Life
    Wine & Food

    The best autumnal wines to enjoy as the nights draw in

    9 September 2020

    2019 Tesco Finest Côtes du Rhône Villages Signargues, 14.5%vol, (£8; Tesco)

    Slightly strapped for cash and with your teens and their chums clamouring for a post-lockdown, pre-uni party? Or simply on the look-out for something to accompany the last barbecue of summer? Then look no further than this jolly red from the Tesco ‘Finest’ range. A meaty, juicy, spicy, fruit-forward blend of Grenache, Syrah, Mourvèdre and Carignan, it’s disarmingly drinkable and, coming from Signargues near Avignon (the most southerly of the appellation’s named villages), it’s a noticeable step up from simple Côtes du Rhône. Simply uncork, pour and enjoy.

    2019 Waitrose ‘Loved and Found’ Zweigelt Rosé, 12%vol, (£8.99; Waitrose)

    Part of Waitrose’s ‘W’ range – which explores lesser-known grape varieties from around the world – this deliciously different rosé is produced by Rudolf Rabl in Lower Austria and it has me hooked. Made from 100 per cent Zweigelt – a cross between St Laurent and Blaufrankisch that’s widely planted in Austria – it’s fresh, lively, aromatic and chock-full of wild strawberries and succulent hedgerow fruit. It’s not unlike a young, vibrant Pinot Noir and, well-chilled, it’s ideal fare for that Indian summer that I’m told is in the offing.

    2019 Santa Tresa Rina Ianca Grillo/Viognier, 13.5%vol, (£9.99; Ocado)

    We featured a lusciously tasty rosé from Santa Tresa, an ancient but forward-looking and organically-farmed estate in Vittoria, Sicily, a while back and I make no apology for shoving this example under your beak too since it’s a corker. Volcanic soil, baking hot sun and cooling breezes off the Med are perfect for producing this blend of indigenous Grillo and Viognier, best known for its role in the wines of the Rhône. Fresh, apricotty, peachy, tropical, citrusy and herbal, it’s delectably moreish and complex.

    Fonseca Terra Prima Finest Reserve Organic Port, 20%vol, (£15.95; The Whisky Exchange)

    Well, this is a darn tasty port and no mistake and the perfect way to join in the Soil Association’s current month-long celebration of all things organic. Founded in 1815, Fonseca is one of the great port houses and in launching this wine in 2002 – the first port to be made entirely from organically-grown grapes – it is also one of the most forward-looking.
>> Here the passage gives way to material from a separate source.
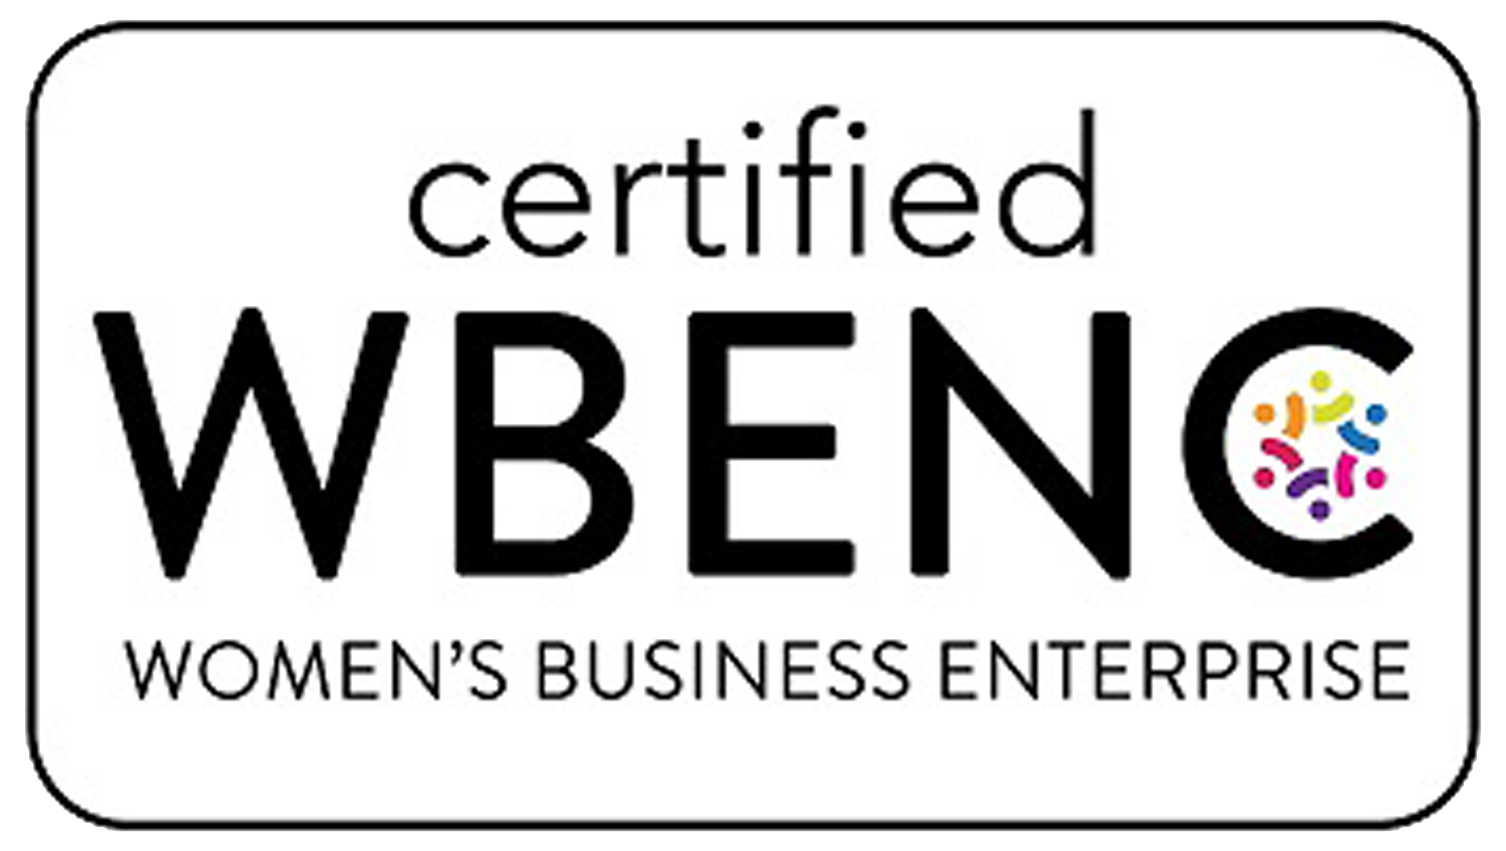 A certified wben logo is shown.

The wine is rich, dark, velvety, crammed with plums, damsons and prunes. I like to chill it – but only very slightly – and, best of all, it doesn’t need decanting.

    Cave de Viré, Crémant de Bourgogne Brut NV, 12%vol, (£16.80; Tanners)

    Sometimes, around 11am, say, on a trying morning , when a glass of fizz is called for, champagne can be a touch de trop and Prosecco a touch too weedy. Time, then to uncork a first class Crémant such as this from the much-lauded, century-old, Cave de Viré cooperative near Mâcon in Burgundy. A gorgeous example made in the champagne method from 85 per cent Pinot Noir and 15 per cent Gamay, it’s both toasty and citrusy with an impressively fine mousse and is as tasty as many champagne I’ve had and a heck of a lot cheaper too.

    2014 Viña Arana Gran Reserva, La Rioja Alta, 14.5%vol, (£35; Armit Wines)

    One of the most outrageously enjoyable wines I’ve had in months, this brand new release from La Rioja Alta is a glorious way with which to celebrate the winery’s 130th birthday. Produced from 94 per cent Tempranillo and 6 per cent Graciano, it was aged in oak for three years and in bottle for a further two before release. It’s unashamedly seductive with its sweet, ripe red and dark fruit, spice, herbs, vanilla and its soft, gentle tannins and long finish. Make no mistake, a claret or burgundy of this quality and this maturity would be at least twice the price.